## DATA BLOCK
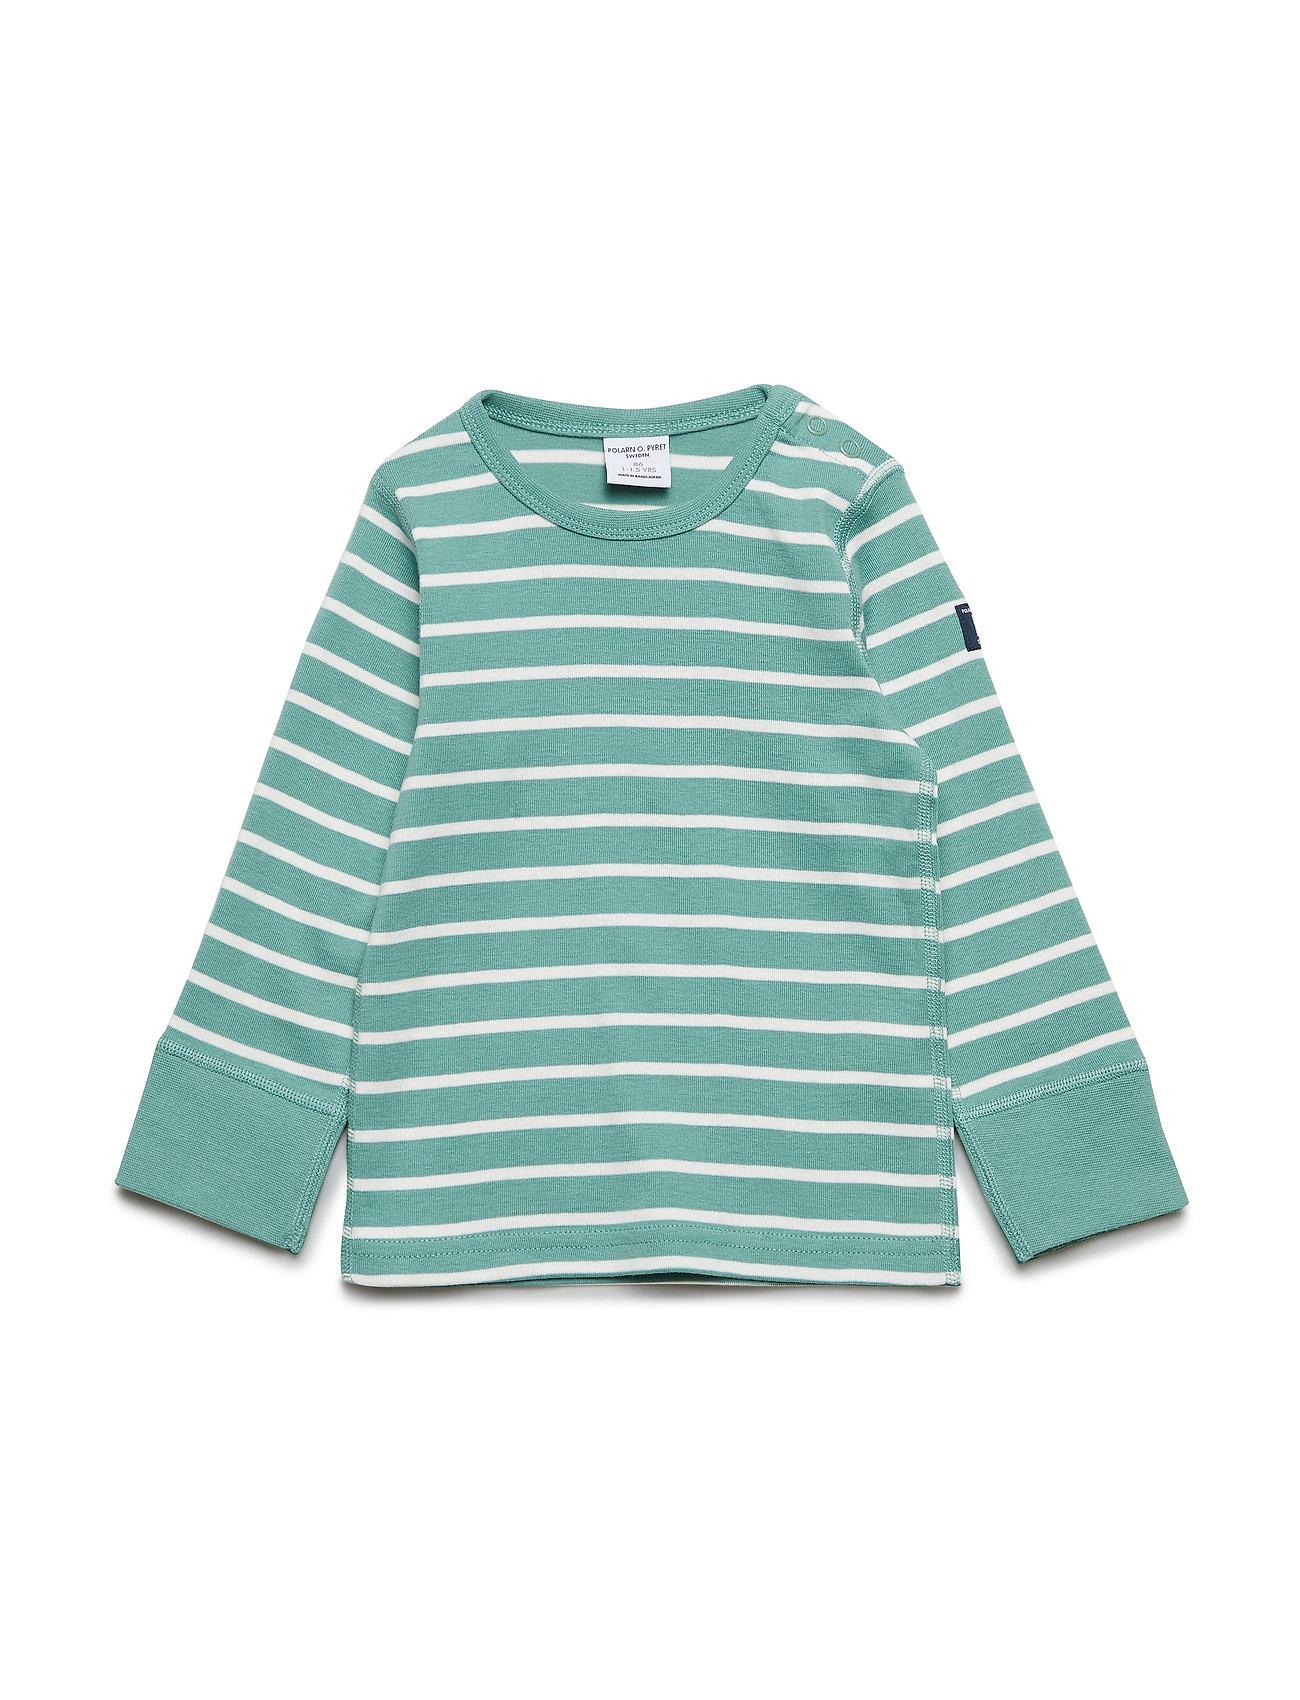 Polarn O. Pyret T-shirt Long Sleeve Stripe Preschool
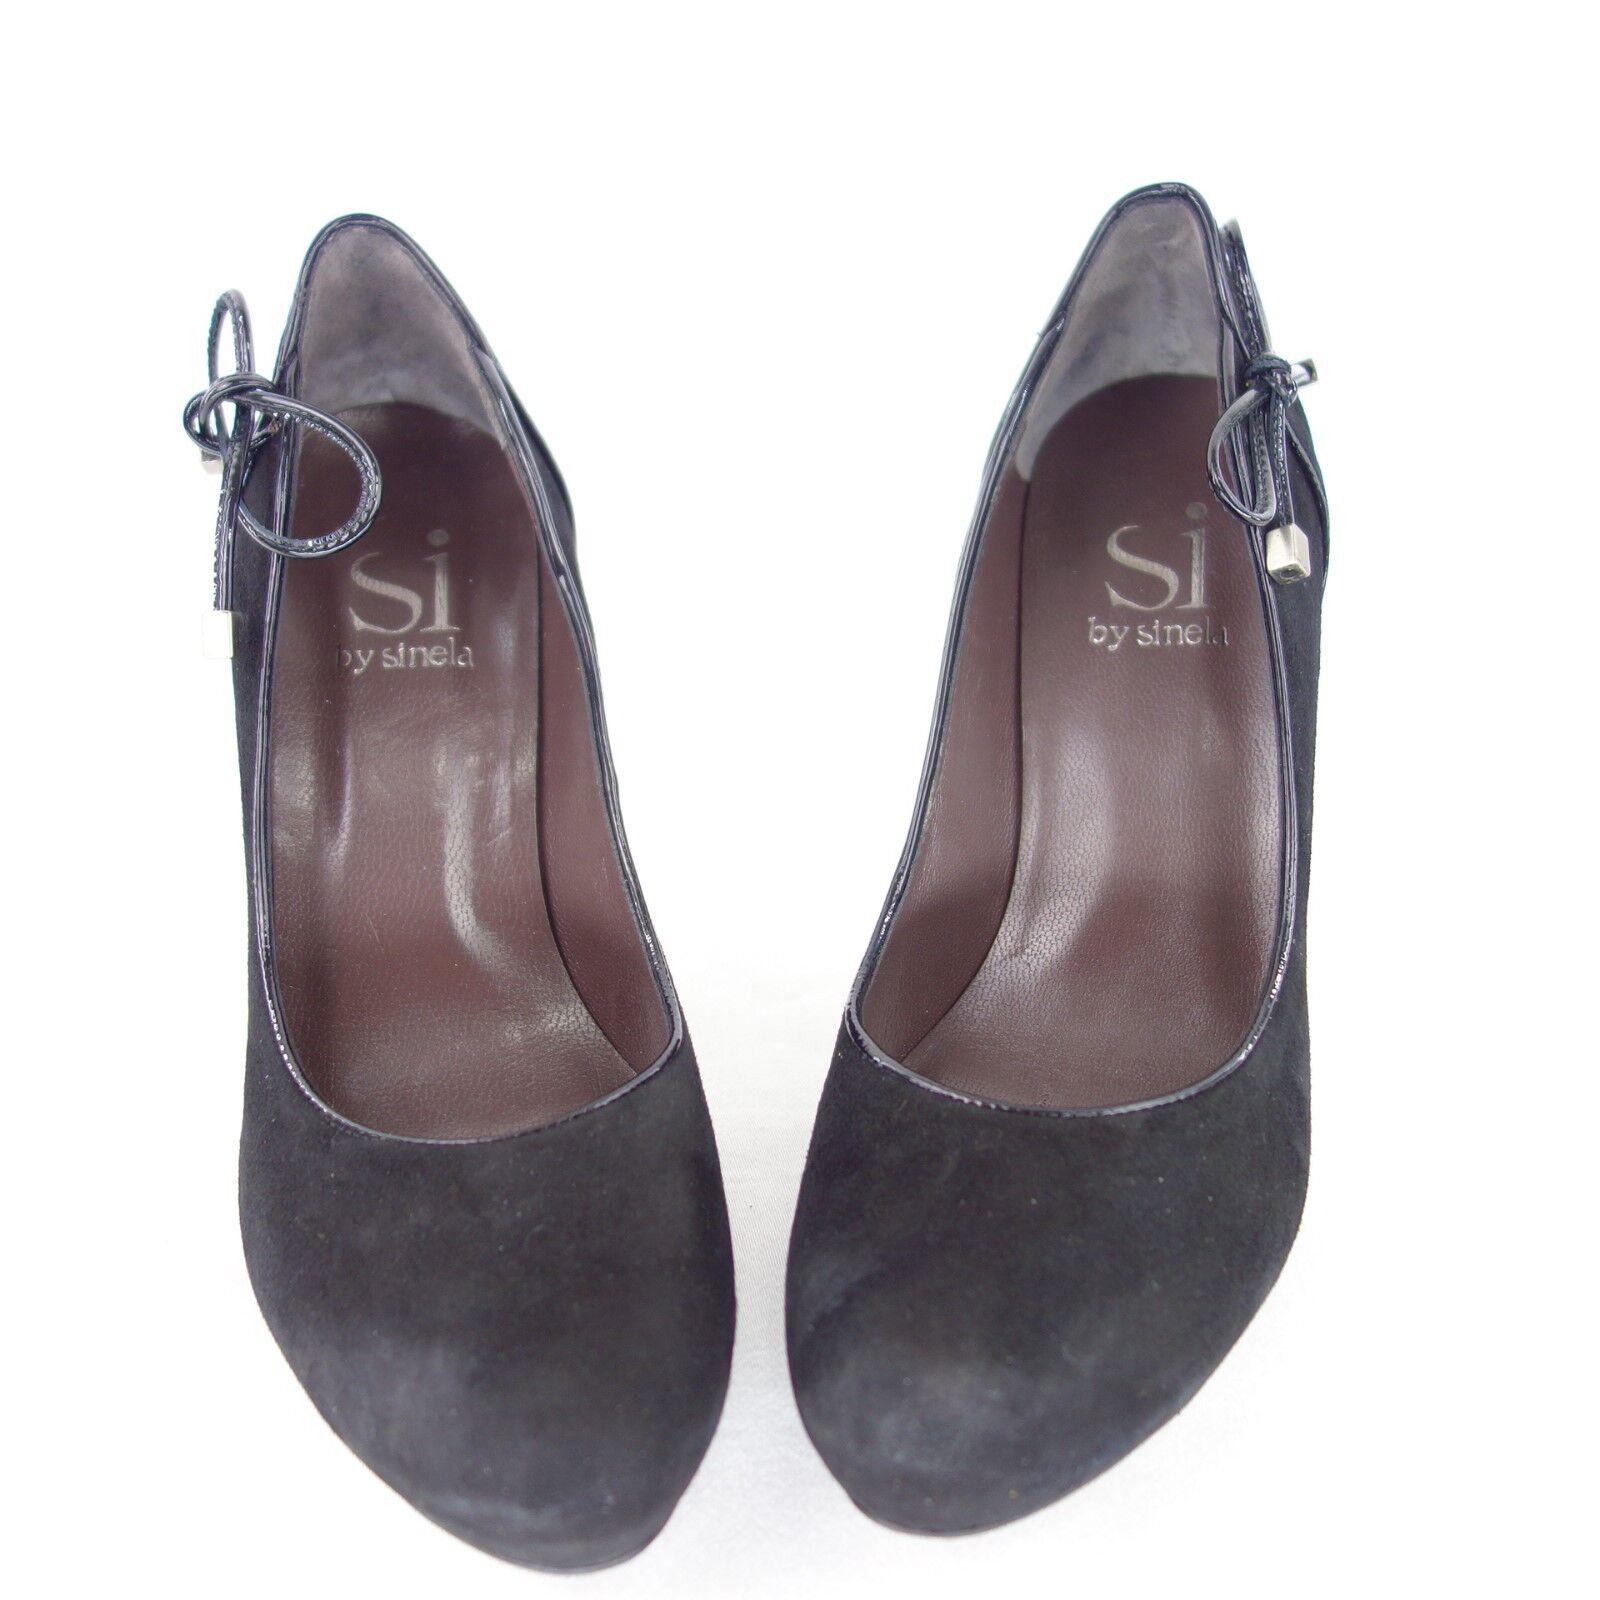 Si by Sinela Women's Court shoes Leather Suede Black Black Black Bix 41 Np 139 924447
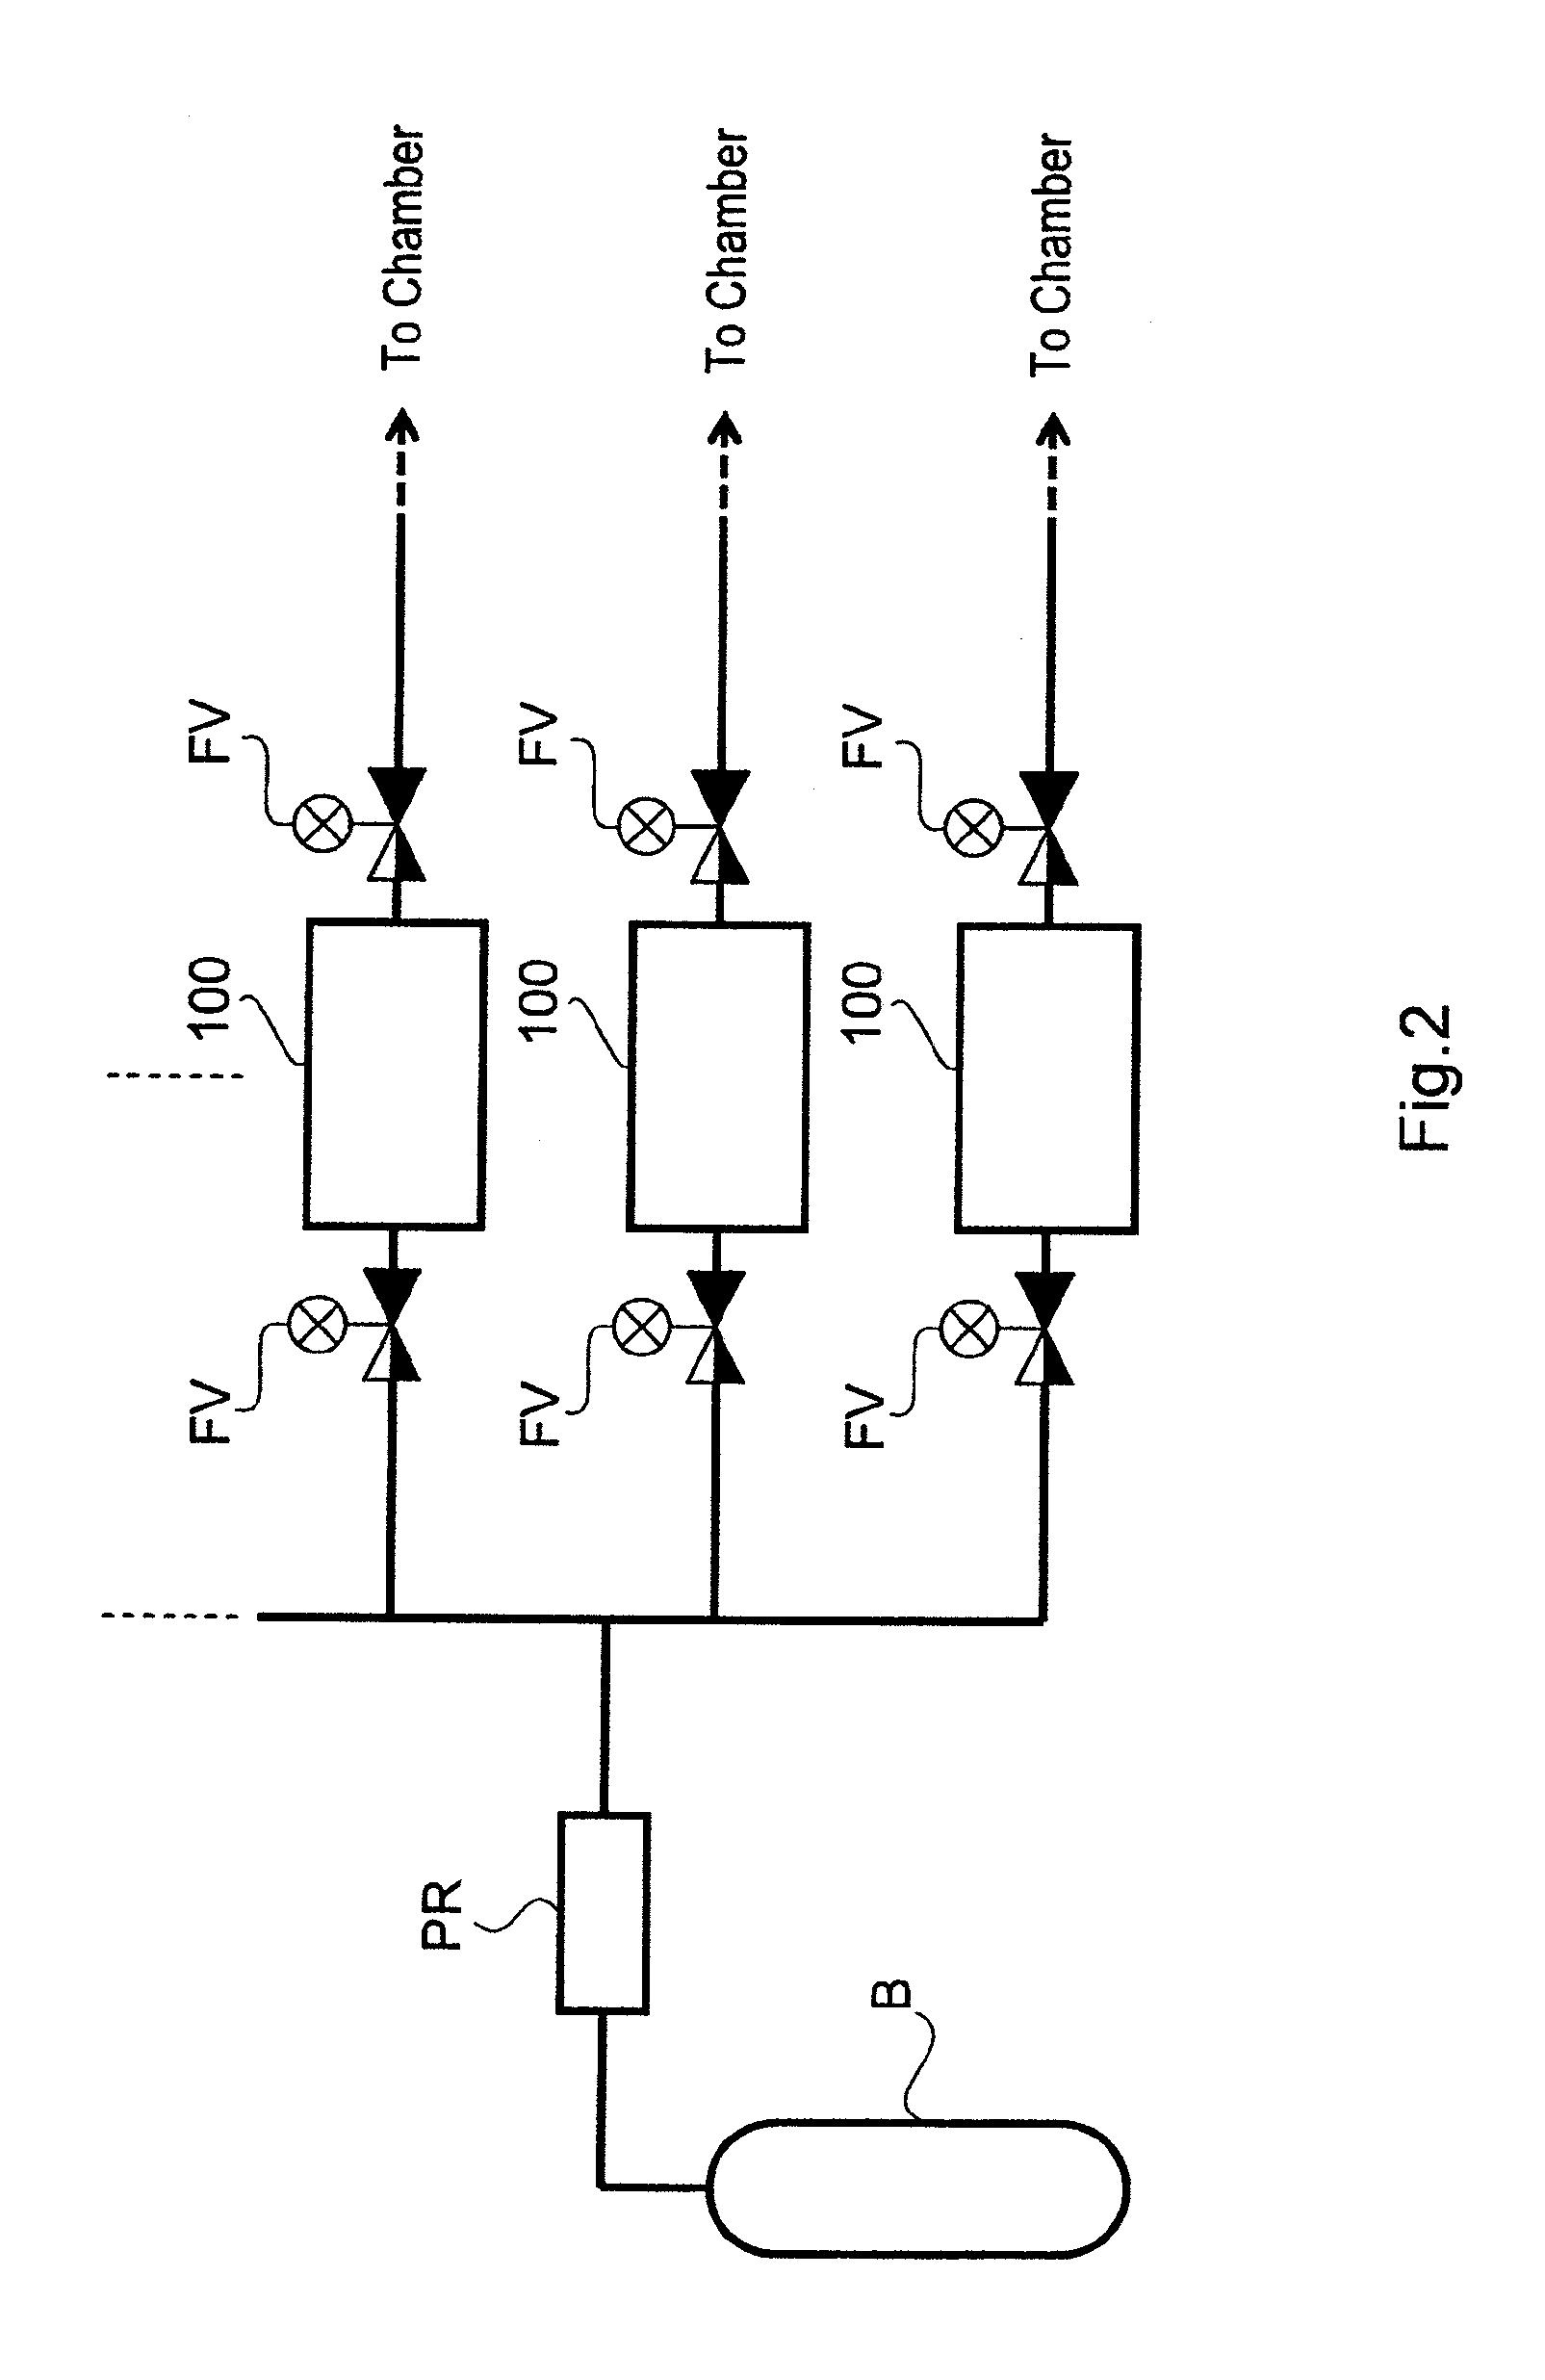 mass flow controller symbol darkpestpesaltgq

## EXERCISE PROMPT
Give the listing above again word for word, without its pictures.

## EXERCISE SOLUTION
 Polarn O. Pyret T-shirt Long Sleeve Stripe Preschool
 Si by Sinela Women's Court shoes Leather Suede Black Black Black Bix 41 Np 139 924447
 mass flow controller symbol darkpestpesaltgq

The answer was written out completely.